- [HOW TO COMPLETE THIS TASK] Could you copy the lines below exactly, leaving none out?

************

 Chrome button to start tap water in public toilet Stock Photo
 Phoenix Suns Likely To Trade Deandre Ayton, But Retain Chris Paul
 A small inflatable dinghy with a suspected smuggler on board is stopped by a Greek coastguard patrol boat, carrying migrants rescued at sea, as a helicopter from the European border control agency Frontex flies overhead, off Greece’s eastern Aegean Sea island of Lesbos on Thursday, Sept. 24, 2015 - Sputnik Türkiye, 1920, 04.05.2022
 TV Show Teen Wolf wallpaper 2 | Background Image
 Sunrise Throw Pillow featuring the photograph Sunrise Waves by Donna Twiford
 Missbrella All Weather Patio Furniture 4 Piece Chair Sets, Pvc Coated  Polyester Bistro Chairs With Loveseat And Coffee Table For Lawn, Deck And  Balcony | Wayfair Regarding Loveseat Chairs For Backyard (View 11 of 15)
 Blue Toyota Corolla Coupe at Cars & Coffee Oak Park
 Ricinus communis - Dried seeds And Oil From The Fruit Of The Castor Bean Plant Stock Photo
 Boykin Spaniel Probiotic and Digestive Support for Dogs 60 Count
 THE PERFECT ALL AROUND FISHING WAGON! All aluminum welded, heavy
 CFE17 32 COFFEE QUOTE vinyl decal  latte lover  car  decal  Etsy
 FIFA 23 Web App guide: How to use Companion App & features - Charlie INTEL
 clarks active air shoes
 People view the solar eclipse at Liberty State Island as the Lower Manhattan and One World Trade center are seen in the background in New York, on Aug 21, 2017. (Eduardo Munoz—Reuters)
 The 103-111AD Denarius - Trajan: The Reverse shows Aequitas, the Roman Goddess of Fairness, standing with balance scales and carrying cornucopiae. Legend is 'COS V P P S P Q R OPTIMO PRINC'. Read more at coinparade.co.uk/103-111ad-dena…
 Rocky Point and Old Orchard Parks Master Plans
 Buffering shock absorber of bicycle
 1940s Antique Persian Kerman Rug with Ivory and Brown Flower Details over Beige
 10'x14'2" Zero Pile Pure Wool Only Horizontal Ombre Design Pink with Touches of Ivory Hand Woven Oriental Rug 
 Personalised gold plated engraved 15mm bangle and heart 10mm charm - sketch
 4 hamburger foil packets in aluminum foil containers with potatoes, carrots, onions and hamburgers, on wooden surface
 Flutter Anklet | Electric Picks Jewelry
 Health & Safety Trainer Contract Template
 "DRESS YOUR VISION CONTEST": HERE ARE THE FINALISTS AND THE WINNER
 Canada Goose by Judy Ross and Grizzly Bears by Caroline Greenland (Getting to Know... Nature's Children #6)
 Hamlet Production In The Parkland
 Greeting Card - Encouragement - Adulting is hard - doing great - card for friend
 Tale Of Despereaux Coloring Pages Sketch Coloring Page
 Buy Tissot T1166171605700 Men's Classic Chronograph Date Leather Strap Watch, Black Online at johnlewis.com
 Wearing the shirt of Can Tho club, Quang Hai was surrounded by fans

************

- [ANSWER SECTION]
 Chrome button to start tap water in public toilet Stock Photo
 Phoenix Suns Likely To Trade Deandre Ayton, But Retain Chris Paul
 A small inflatable dinghy with a suspected smuggler on board is stopped by a Greek coastguard patrol boat, carrying migrants rescued at sea, as a helicopter from the European border control agency Frontex flies overhead, off Greece’s eastern Aegean Sea island of Lesbos on Thursday, Sept. 24, 2015 - Sputnik Türkiye, 1920, 04.05.2022
 TV Show Teen Wolf wallpaper 2 | Background Image
 Sunrise Throw Pillow featuring the photograph Sunrise Waves by Donna Twiford
 Missbrella All Weather Patio Furniture 4 Piece Chair Sets, Pvc Coated  Polyester Bistro Chairs With Loveseat And Coffee Table For Lawn, Deck And  Balcony | Wayfair Regarding Loveseat Chairs For Backyard (View 11 of 15)
 Blue Toyota Corolla Coupe at Cars & Coffee Oak Park
 Ricinus communis - Dried seeds And Oil From The Fruit Of The Castor Bean Plant Stock Photo
 Boykin Spaniel Probiotic and Digestive Support for Dogs 60 Count
 THE PERFECT ALL AROUND FISHING WAGON! All aluminum welded, heavy
 CFE17 32 COFFEE QUOTE vinyl decal  latte lover  car  decal  Etsy
 FIFA 23 Web App guide: How to use Companion App & features - Charlie INTEL
 clarks active air shoes
 People view the solar eclipse at Liberty State Island as the Lower Manhattan and One World Trade center are seen in the background in New York, on Aug 21, 2017. (Eduardo Munoz—Reuters)
 The 103-111AD Denarius - Trajan: The Reverse shows Aequitas, the Roman Goddess of Fairness, standing with balance scales and carrying cornucopiae. Legend is 'COS V P P S P Q R OPTIMO PRINC'. Read more at coinparade.co.uk/103-111ad-dena…
 Rocky Point and Old Orchard Parks Master Plans
 Buffering shock absorber of bicycle
 1940s Antique Persian Kerman Rug with Ivory and Brown Flower Details over Beige
 10'x14'2" Zero Pile Pure Wool Only Horizontal Ombre Design Pink with Touches of Ivory Hand Woven Oriental Rug 
 Personalised gold plated engraved 15mm bangle and heart 10mm charm - sketch
 4 hamburger foil packets in aluminum foil containers with potatoes, carrots, onions and hamburgers, on wooden surface
 Flutter Anklet | Electric Picks Jewelry
 Health & Safety Trainer Contract Template
 "DRESS YOUR VISION CONTEST": HERE ARE THE FINALISTS AND THE WINNER
 Canada Goose by Judy Ross and Grizzly Bears by Caroline Greenland (Getting to Know... Nature's Children #6)
 Hamlet Production In The Parkland
 Greeting Card - Encouragement - Adulting is hard - doing great - card for friend
 Tale Of Despereaux Coloring Pages Sketch Coloring Page
 Buy Tissot T1166171605700 Men's Classic Chronograph Date Leather Strap Watch, Black Online at johnlewis.com
 Wearing the shirt of Can Tho club, Quang Hai was surrounded by fans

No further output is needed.